The Jewish community of Tekoa stands out, their red rooftops sparkling in the sun, home to nearly 500 hundred families, including several adjacent hilltops where scores of young families live in “caravans,” simple pre-fabs, and others in multi-story stone houses. In the spring of 2001, Arabs murdered 14-year old Koby Mandell and his friend, Yosef Ish-Ran in a cave nearby, smashing their heads and smearing their blood on the walls.     

The road winds east, towards the desert. Passing the sprawling Jewish community of Nokdim, established 35 years ago and home to 400 families, I can't find Yonch. Lost, I call his cell phone and after a few minutes he appears, his eyes shining from his dark Yemenite face, guiding me off the main road past a small army base and the community of Kfar Eldad. Composed of seventy or so families, many non-religious, new immigrants with little means from the FSU and religious families who wanted to be out in the open, close to the land, it's a strange and warm mix of cultures and life styles. The narrow dirt road snakes along the edge of the Judean desert, stark barren hills and deep canyons that stretch down to the Dead Sea.
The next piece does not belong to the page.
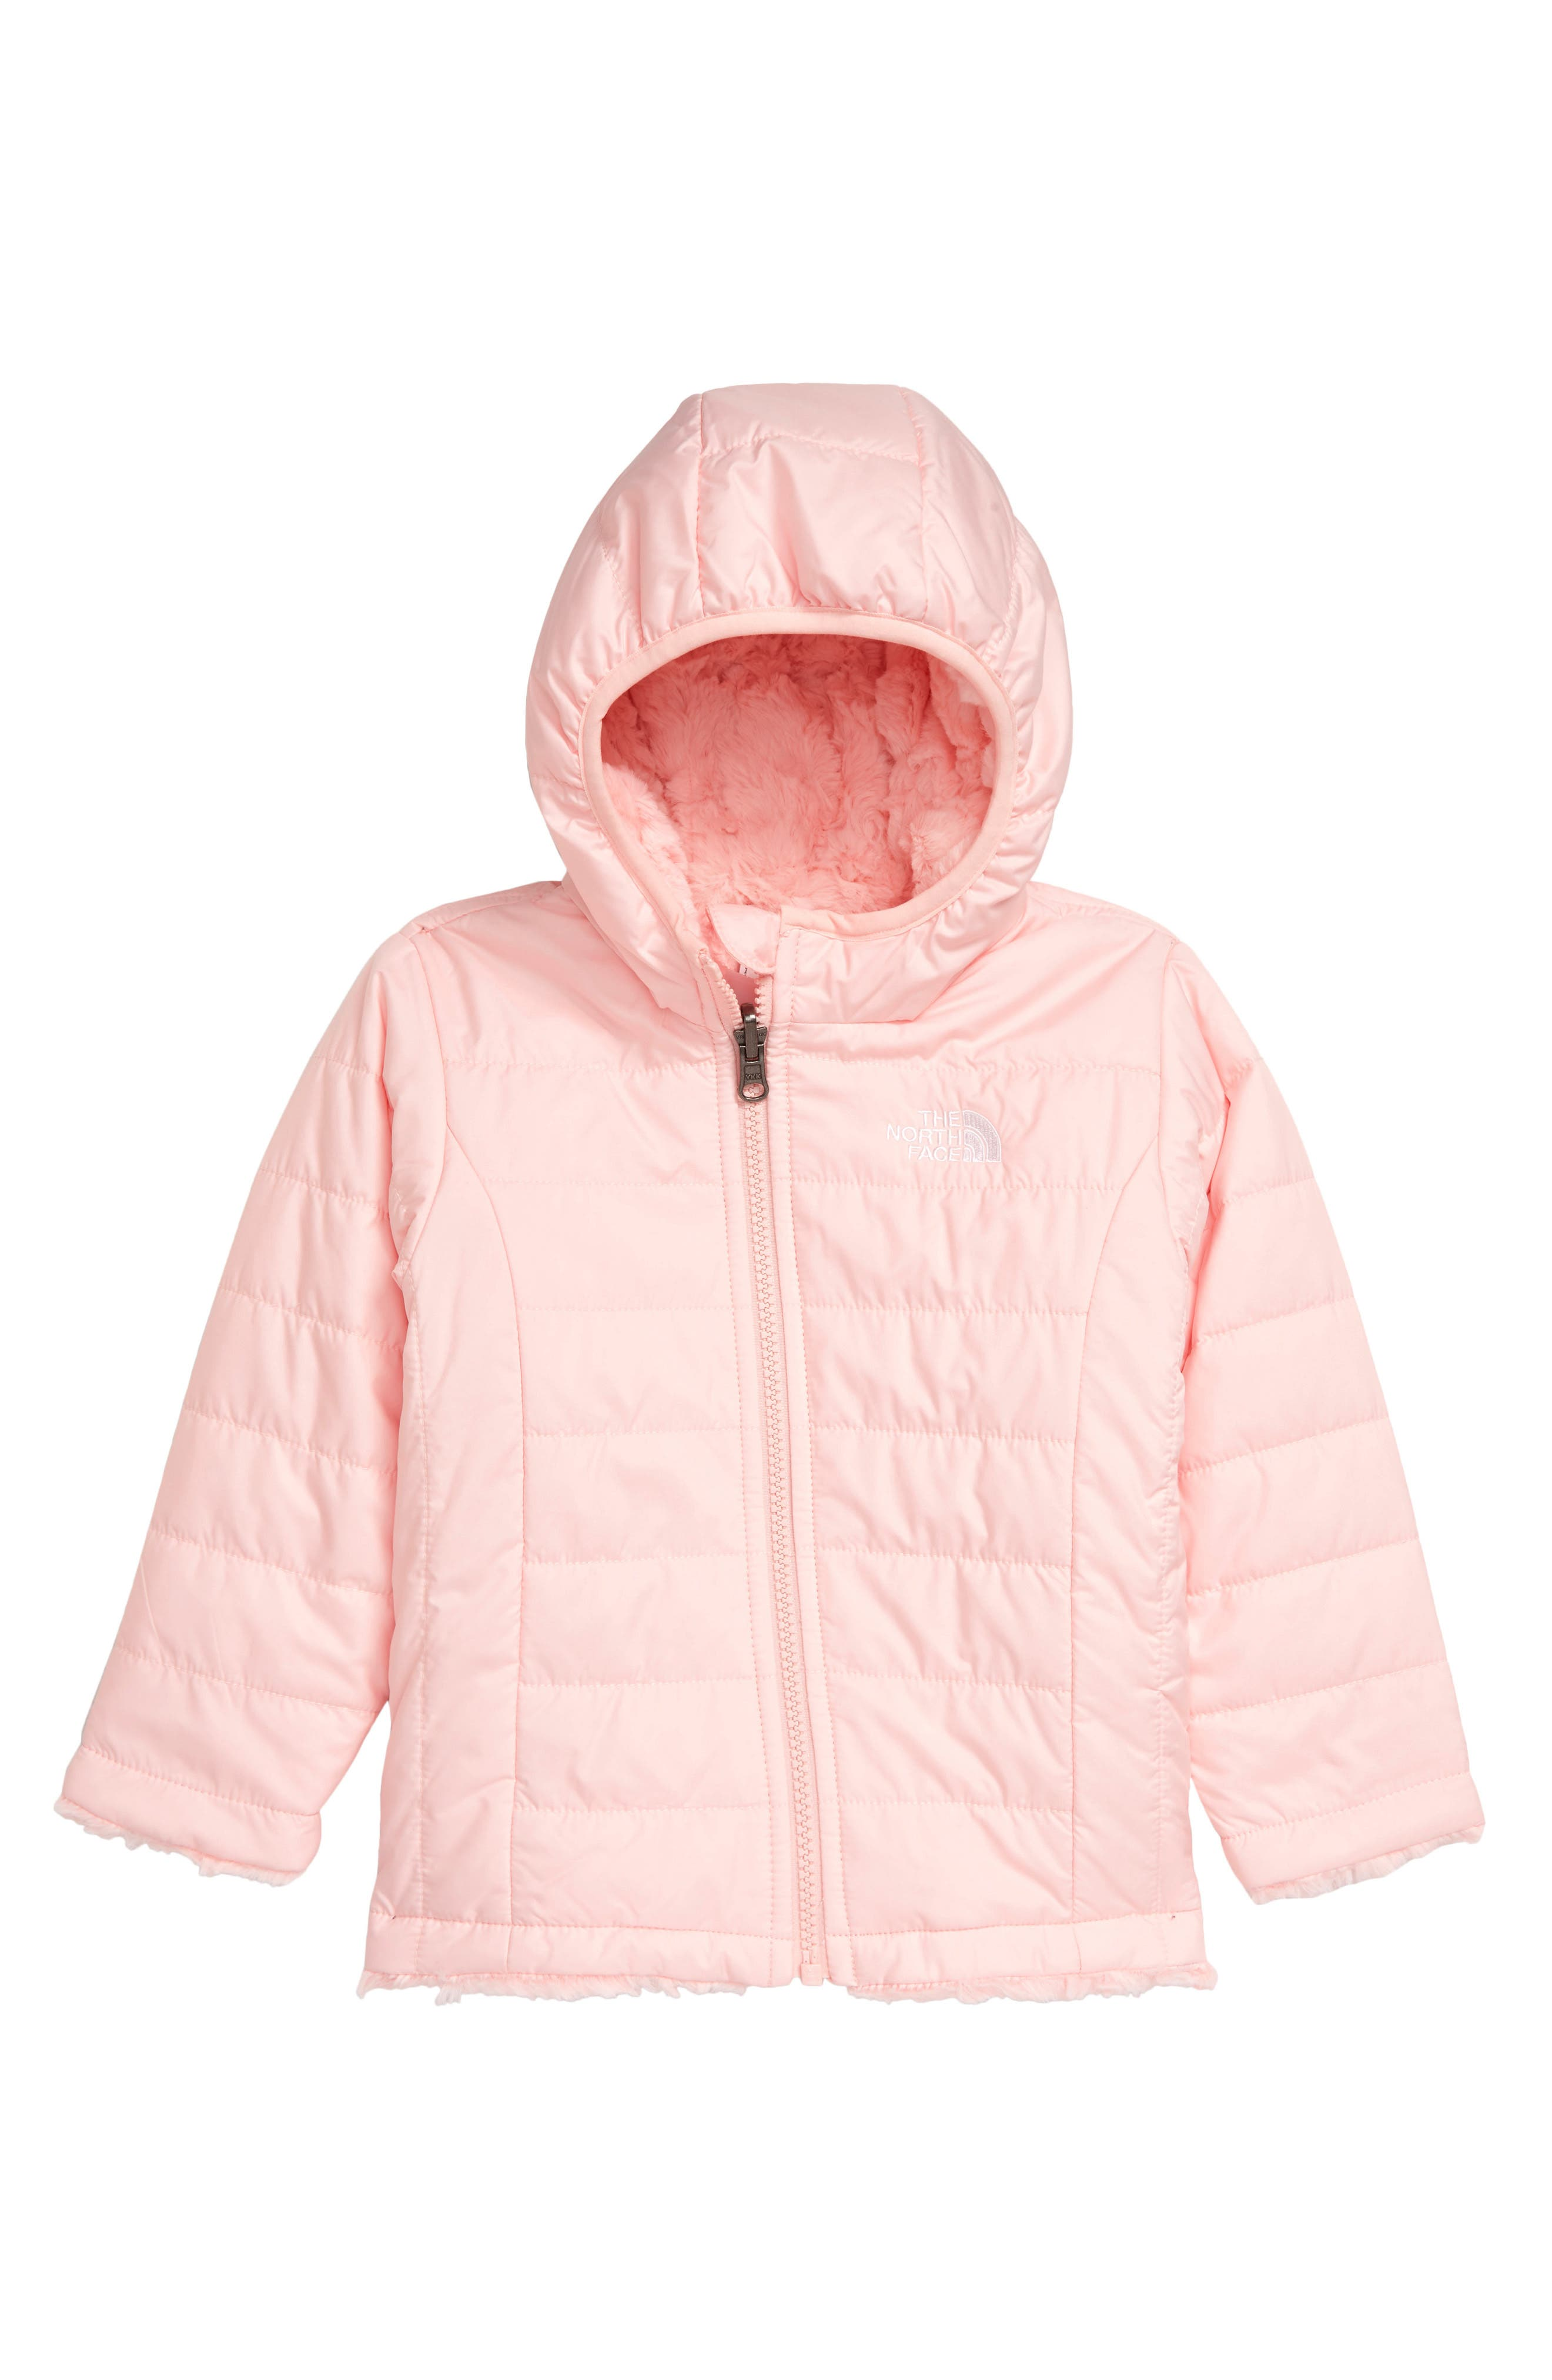 Infant Newborn Girls Outerwear Hooded Coat Cotton Jacket Kids Girls Clothes

Amos, the prophet/shepherd from Tekoa, preached here during the reign of Uzziyya, king of Yehuda, 2800 years ago. “The Lord will roar from Zion, and shout from Jerusalem, the pastures of shepherds shall mourn…I will send fire upon Moav…” Suddenly, ahead of me the flaming red mountains of Moav, in what is now Jordan erupt on the horizon.  

“And I (The Lord) will bring back my people from their captivity and they shall build the cities that were wasted and plant vineyards…” A group of shacks and caravans, a vineyard and orchard are nestled against the hillside. I've arrived.

Climbing up a hilltop overlooking a wadi (riverbed), we watch the late afternoon sun cast long shadows across the harsh, rugged landscape. “You can see the Dead Sea from here,” he points into the distance. Squinting, I can make out a tiny piece of azure below. Dark brown granite rocks punch defiantly out of the parched ground around us. Desolate, without a trace of vegetation, I imagine what it might have been like thousands of years ago, when Jewish shepherds roamed these hills.

“Listen,” he says. Utter silence embraces us, its passivity shattering sound. “Maybe once this was full of trees and pastures,” Yonch says, though it's hard to believe in such barren wilderness. “At night there are deer all over here; I can see their eyes.” Far from city lights, the desert night sharpens details, living things emerging from hiding places in the search for food, the need to survive. 

“I'll plant trees,” he shows me a dozen holes he’d dug and saplings ready to be planted. “And maybe I'll have a vineyard, too.” He motions with his hand towards a flat area between the hills where winter rains have left earth washed down from the hills. Among the other caravans, a makeshift tool shed, his new friends, one young couple already married and another soon to be, he's home.

“And maybe I'll find a wife,” he says shyly, scuffing his feet on a rock.

I thought of myself, at his age, floundering, unsure of myself, stumbling in my need to prove myself, a desperate need to be independent, hungry for new experiences and unable to settle down. A family, I thought, a cool desert wind brushing against us. A good woman. Children. A family.      

Well, yes. Why not? And why not here, rooted amidst vast open spaces? I hugged him proudly, unable to hold back a sigh of jealousy and admiration, feeling his lean body taking hold of life, the marrow of anticipation that grounds us in the world. 

What a beginning in this land so close to God.      

        

The author is a writer and journalist living in Jerusalem.